# Is this insect bad?



## Vargoje3 (Oct 5, 2020)

Found what looks like a grasshopper in my vivarium. I removed it, but do I have to worry about it?


----------



## Louis (Apr 23, 2014)

That's a really cool bug to find in your vivarium. It's definitely some kind of juvenile grasshopper/cricket/katydid and it might have eaten some of your plants so probably best removed. It's too small to have laid any eggs in there that you need to worry about but if it hatched out from eggs in some moss or anything like that then there could me more in there.


----------



## Vargoje3 (Oct 5, 2020)

I felt bad squishing him, did look pretty cool. Might have left him if I had frogs in the tank, but it's currently unoccupied.


----------



## XxFrogxX (Mar 12, 2019)

Vargoje3 said:


> I felt bad squishing him, did look pretty cool. Might have left him if I had frogs in the tank, but it's currently unoccupied.

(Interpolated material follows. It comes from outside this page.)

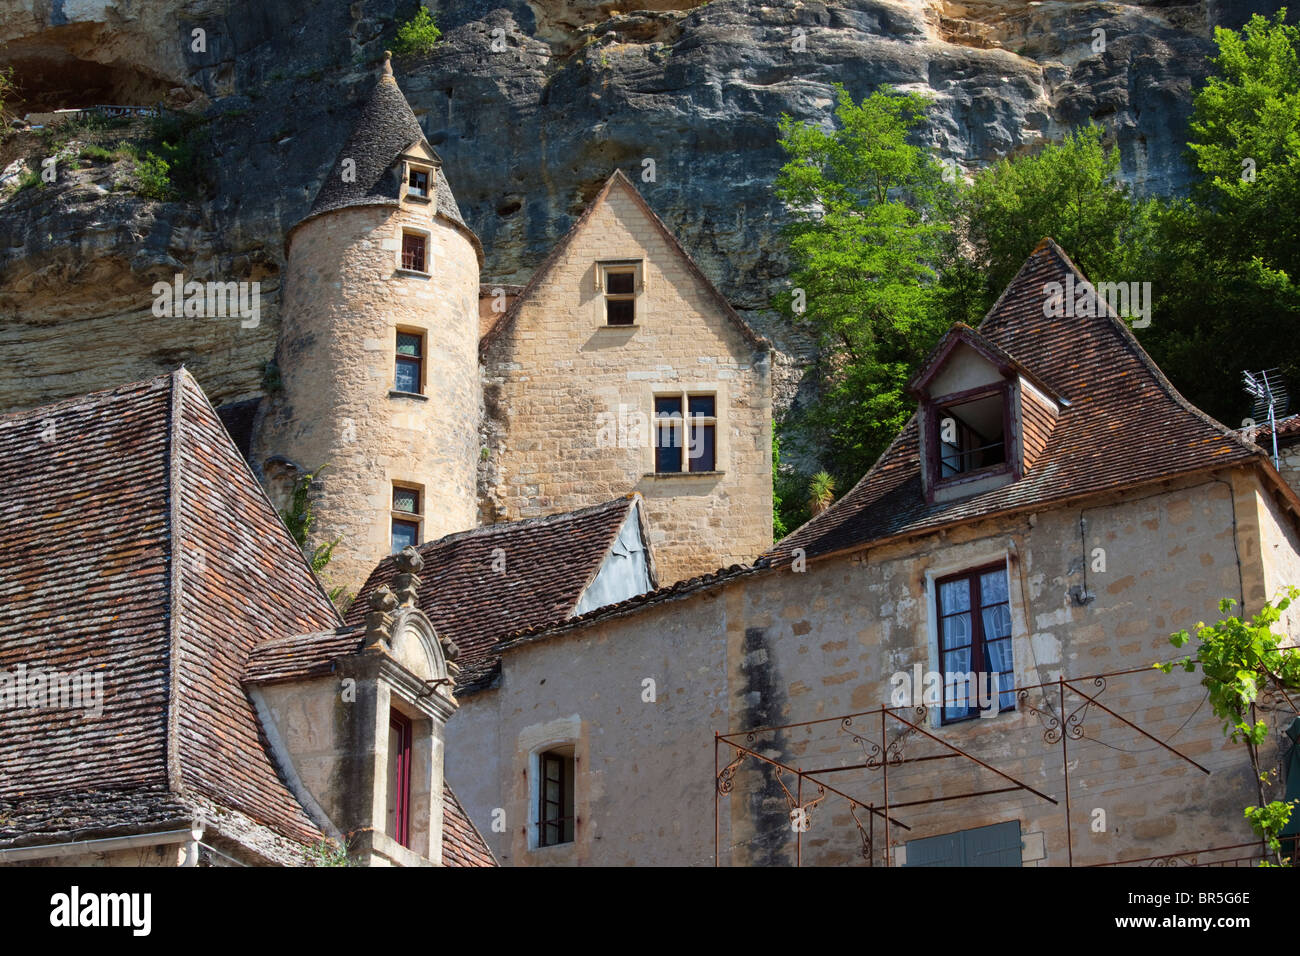 Buildings against cliff, La Roque-Gageac; Dordogne; France Stock Photo

Imo you should have released the insect, if it is native to your area.


----------



## E.Shell (Aug 27, 2020)

Gonna be 17oF here tonight, he's probably better off squished than released...


----------



## Socratic Monologue (Apr 7, 2018)

Wikipedia tells me there are 6,400 species of katydids. By the time I confirmed that one is a native species, it would be dead of old age.

Kind of a joke. Kind of not. Best not to release anything, live or dead, that's been in a viv.


----------